Keep in mind all wild species live on the knife edge between bare survival  and starvation. Even very small changes in population of a first line forage fish such as the Atlantic Menhaden can be expected to have a deleterious effect on those species which have evolved over thousands of years to depend on the seasonal abundance of these fish.  Thus we must expect such species as the weakfish, striped bass, bluefish, seals, dolphins, and other species which depend on bunker for sustenance to respond by falling in population levels. 


There is no “free lunch” in the sea.  There is no “excess fish stocks” which we can remove without effect on the entire ecological system.
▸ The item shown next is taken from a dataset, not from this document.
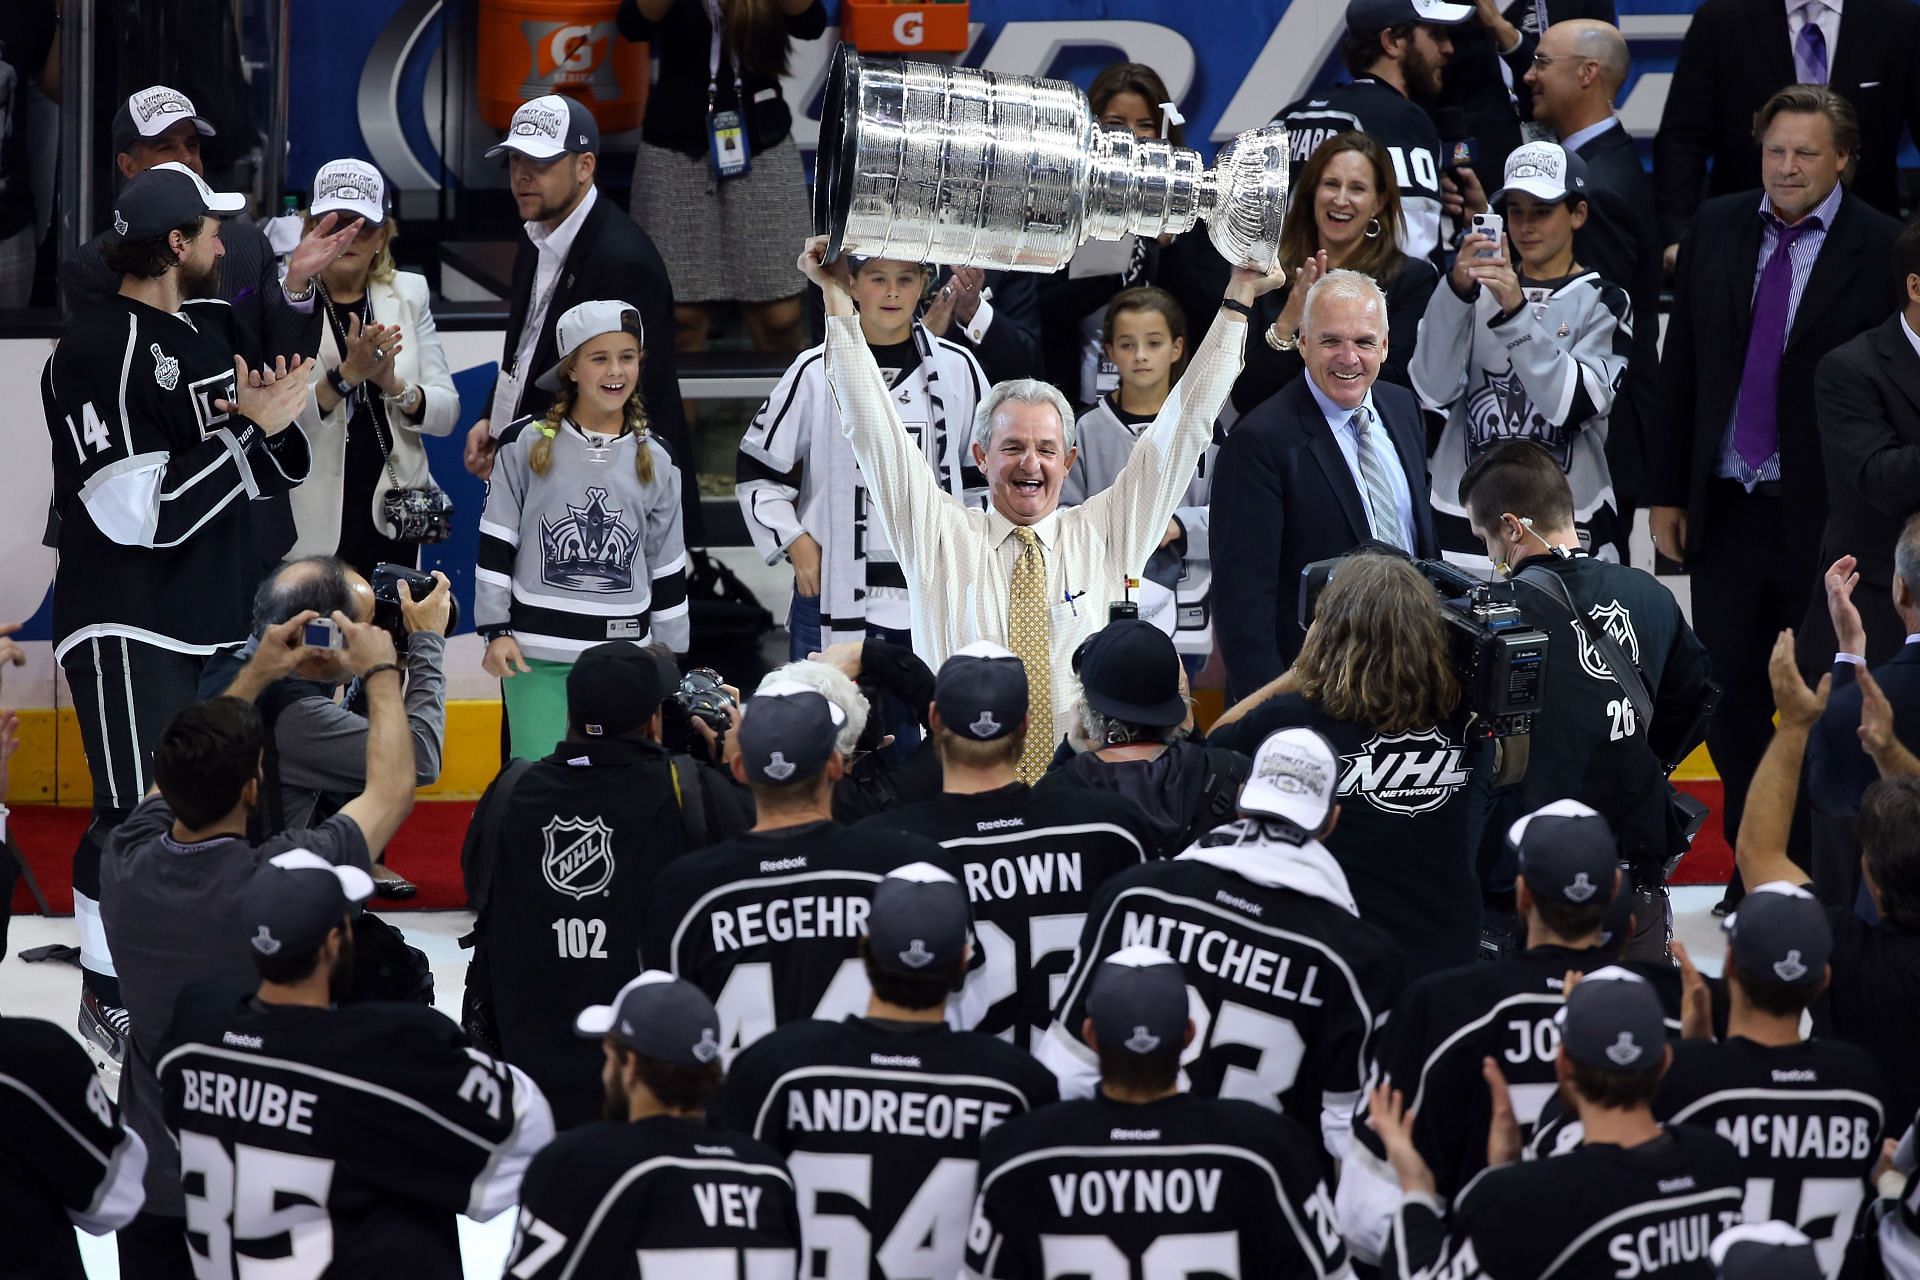 Darryl Sutter at the 2014 NHL Stanley Cup Final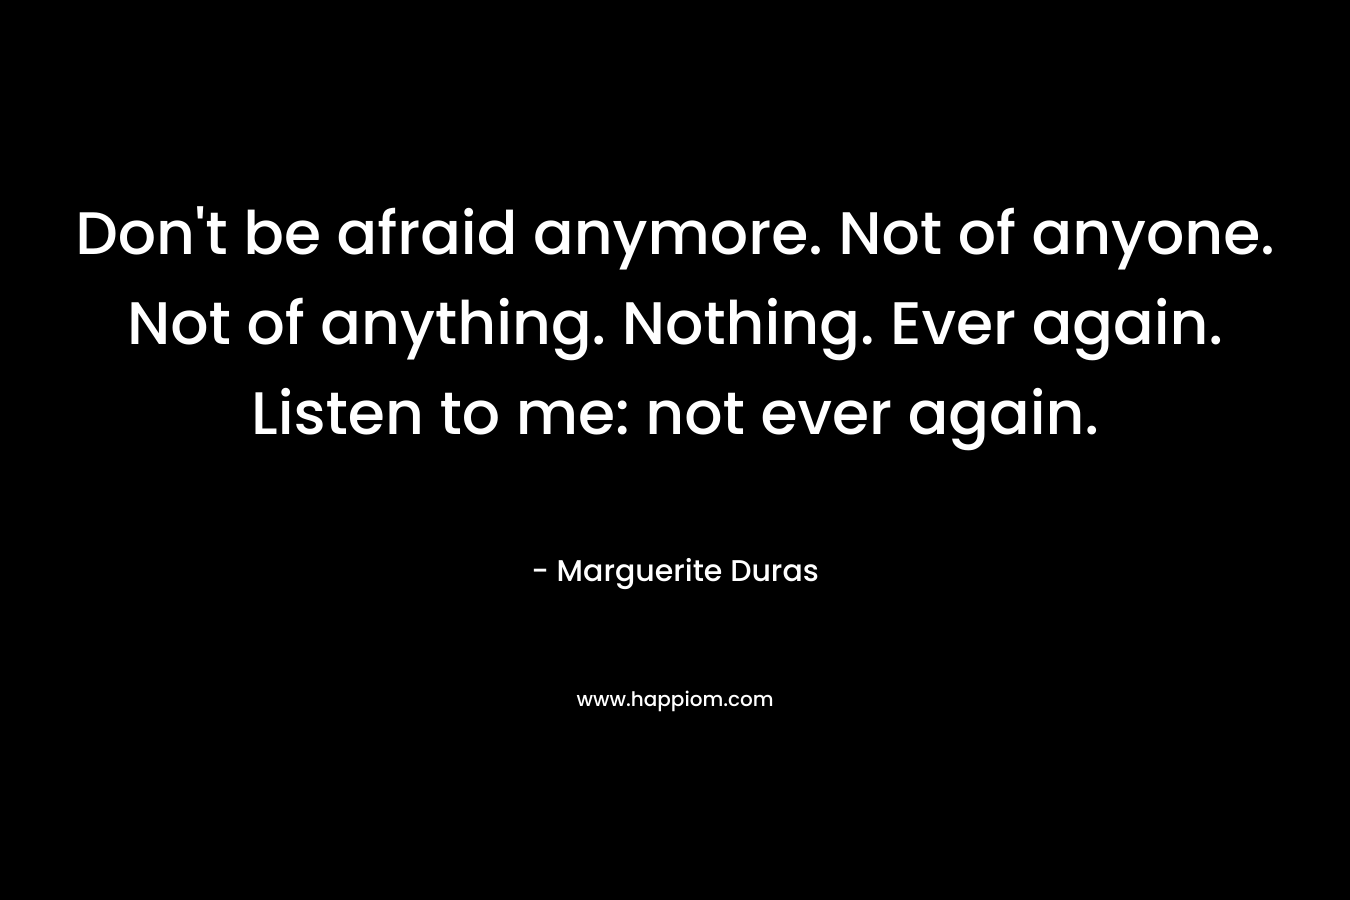 Don't be afraid anymore. Not of anyone. Not of anything. Nothing. Ever again. Listen to me: not ever again.

In nature every species is part of a tightly connected food web of predator and prey, of food and energy distribution  Change the system somewhere and you will alter the system.  The alterations may be irreversible and catastrophic to certain dependent species.  


So when a fisherman asks: Where did the stripers and bluefish go?  The answer may be: “Sorry but we made a choice, we chose  lipstick and fish oil supplement pills!  


Make your choice.Which would you rather have?